Sir: As editors of Construction Industry Law Letter, we read with dry amusement Ann Minogue’s piece on the Contract (Rights of Third Parties) Bill (28 May). For the record:
  • Minogue says that, but for the robust approach of the Lord Chancellor’s department, the history of this legislation would be as protracted as the Scheme for Construction Contracts. In fact, this legislation has been some eight or nine years in gestation, much longer than the consultation process of a year or so on the Scheme for Construction Contracts.

  • We do not seek to defend “the cascades of collateral warranties that flow in torrents down the construction industry supply chain”. Indeed, anything that reduces the amount of paperwork in the industry is a good thing.

    Our point is that occupiers and funders are unlikely to be content to rely on the bill as it stands, and are likely to continue to seek warranties. There is an irony here: an awful lot of warranties over the past years have had the name of Minogue’s firm on the bottom of the first page.

  • Minogue says that the bill allows the parties to craft the terms of the benefit to be conferred on third parties. That is no doubt true, but if parties are going to do anything much more sophisticated than excluding the bill altogether, they are going to need a legal input. Is it really moving forward in a way helpful to the industry if, every time anybody wants to make contractual arrangements, they have to turn to their lawyers for the appropriate words? It would make much more sense for the law to provide sensible commercial solutions for parties that enter their arrangements in good commercial faith and without the need for lawyers at their elbows.

  • Minogue acknowledges that clause 2 is “difficult”. Clause 2, as presently drafted, is worse than just difficult, since it potentially requires the parties to make an application to the High Court if the circumstances are such that they want to vary the arrangements they have made themselves.

    Faced with that risk, parties can either put in one line excluding the bill altogether, or go to their lawyers and try to work out how that trip to the court could otherwise be avoided. Of course, parties would be well advised to exclude the bill in such circumstances.

    There is an irony here: an awful lot of warranties over the past years have had the name of Minogue’s firm on the bottom of the first page

    As matters currently stand (the bill reached the report stage in the House of Lords on 27 May), the Lord Chancellor has confirmed that it is not the intent of the bill to impact on a contractual right to vary the works within the context of construction contracts. The Lord Chancellor is considering an alteration to the explanatory notes to give comfort to the construction industry. That comfort is likely to be less than complete.

  • Minogue refers to the “arcane doctrine of privity”. In the context of contracting parties within construction, what is wrong with the commercial certainty and clarity that contractual privity provides? Following the bill, parties will not know with certainty whom they may have to deal with in the future.

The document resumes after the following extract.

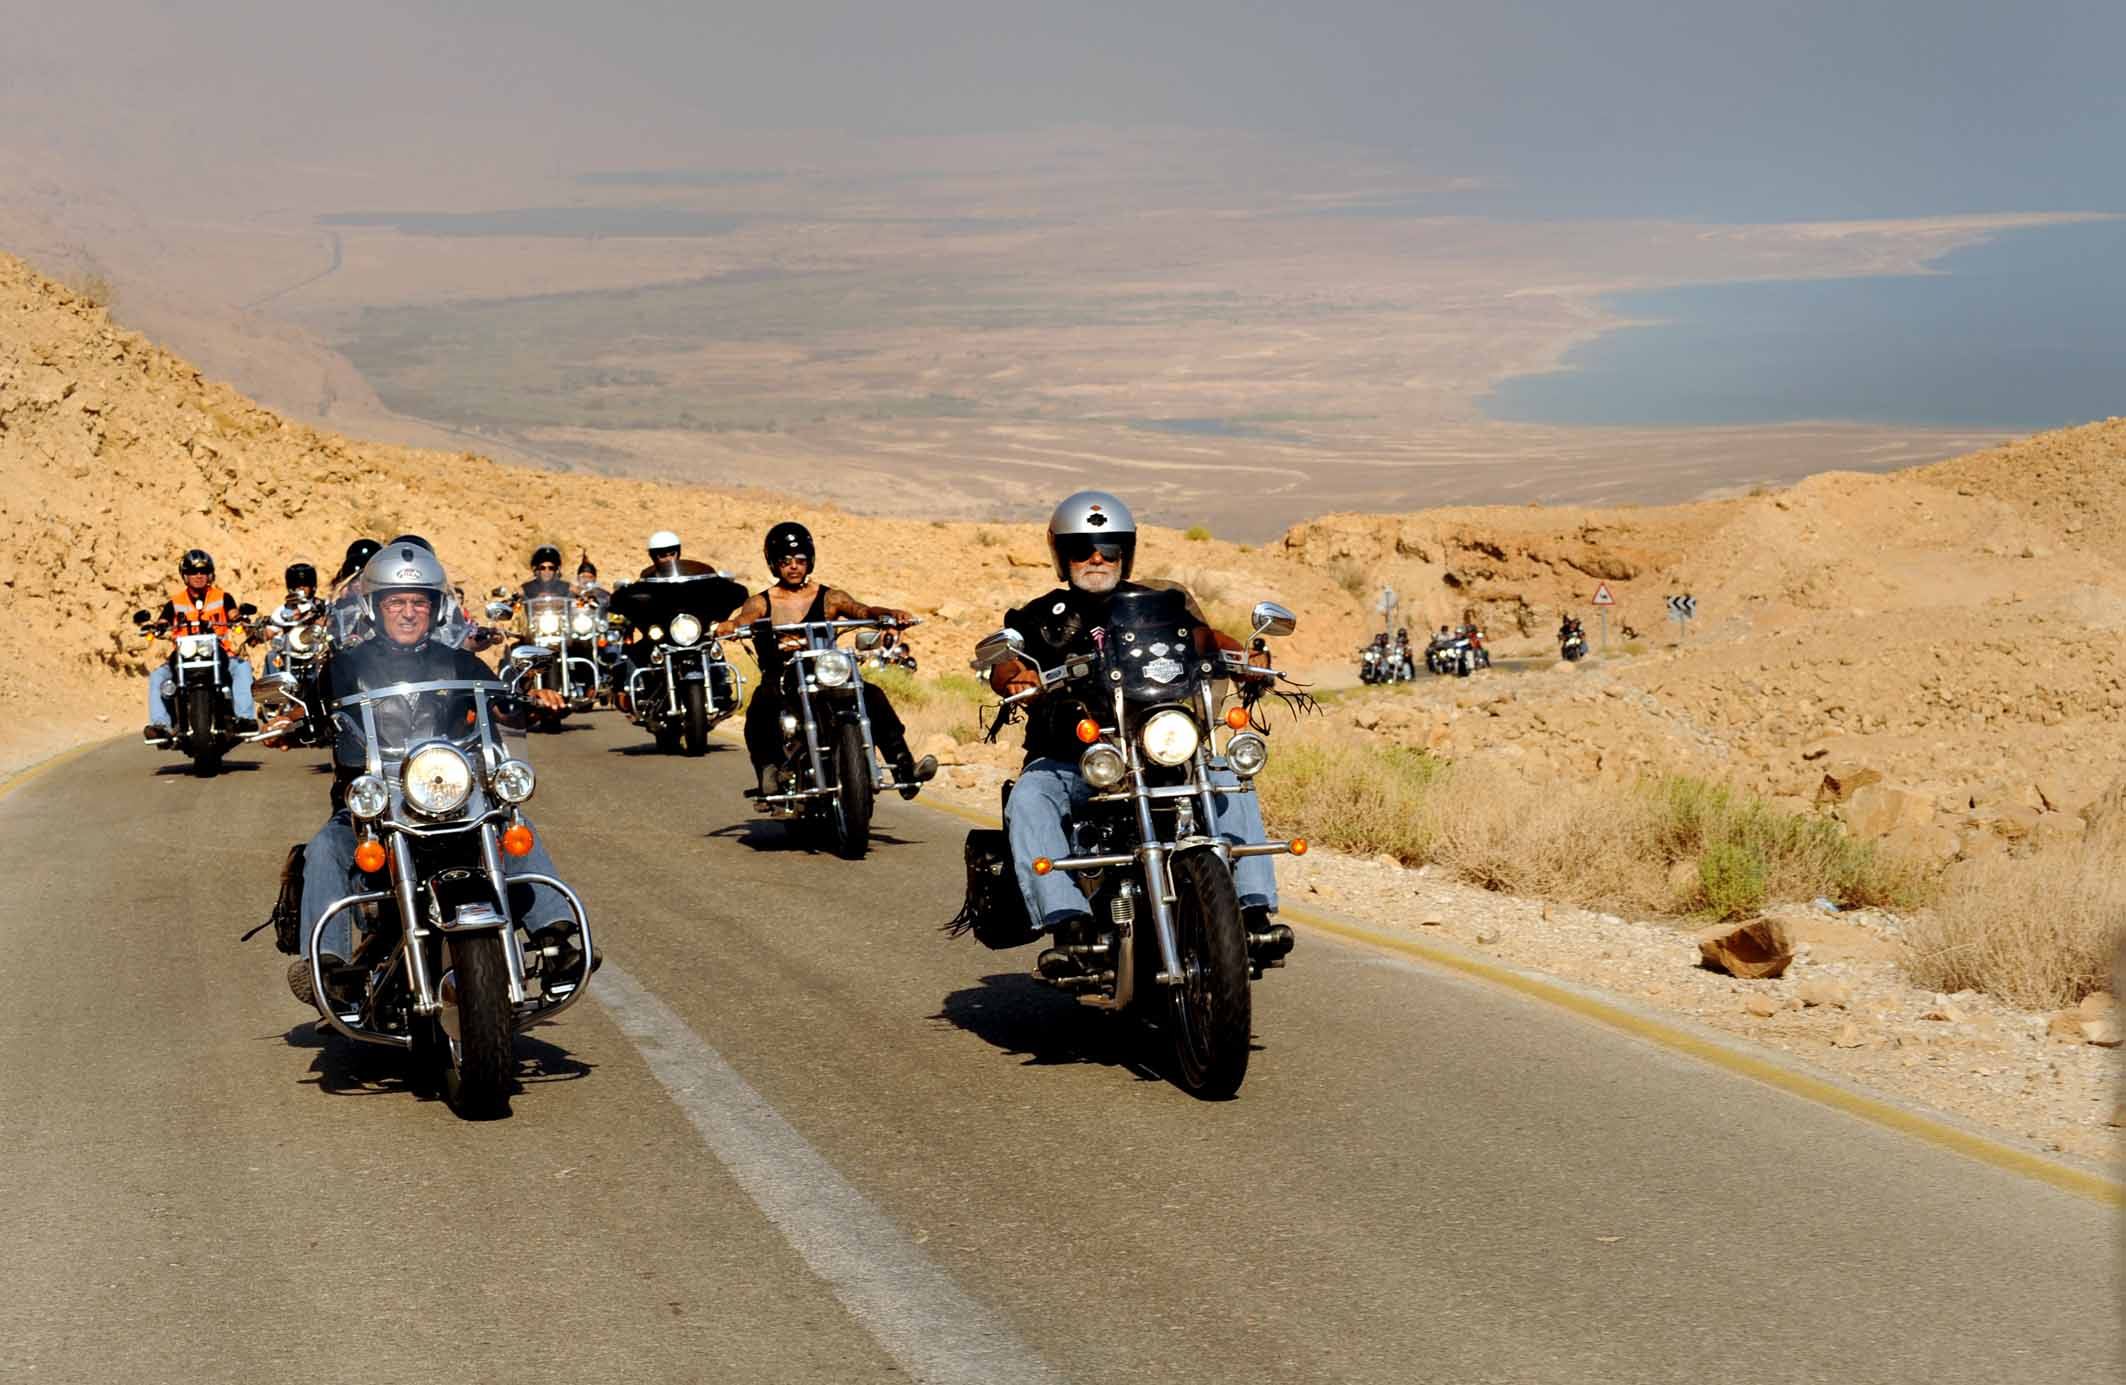 harley davidson posse ride essay

  • We do not accept that the bill, which is not in any way tuned to the needs of the construction industry, can be regarded as “hugely helpful”. In particular, we fail to see how the bill will do anything other than increase speculative litigation.
What is needed, we suggest, is a much more comprehensive and focused approach. For years, the construction industry has suffered from a lack of the properly codified construction law that would remove the legal uncertainties that recur time and time again.

Such a construction act could provide a code on matters such as extension of time, determination and so on, and would replace the tortuous liability for defects with third-party protection. Such an approach would leave the industry to get on with tackling its real management objectives, and would provide an answer to the ever-increasing number and length of contracts.

Now that really would be a constructive thing to do.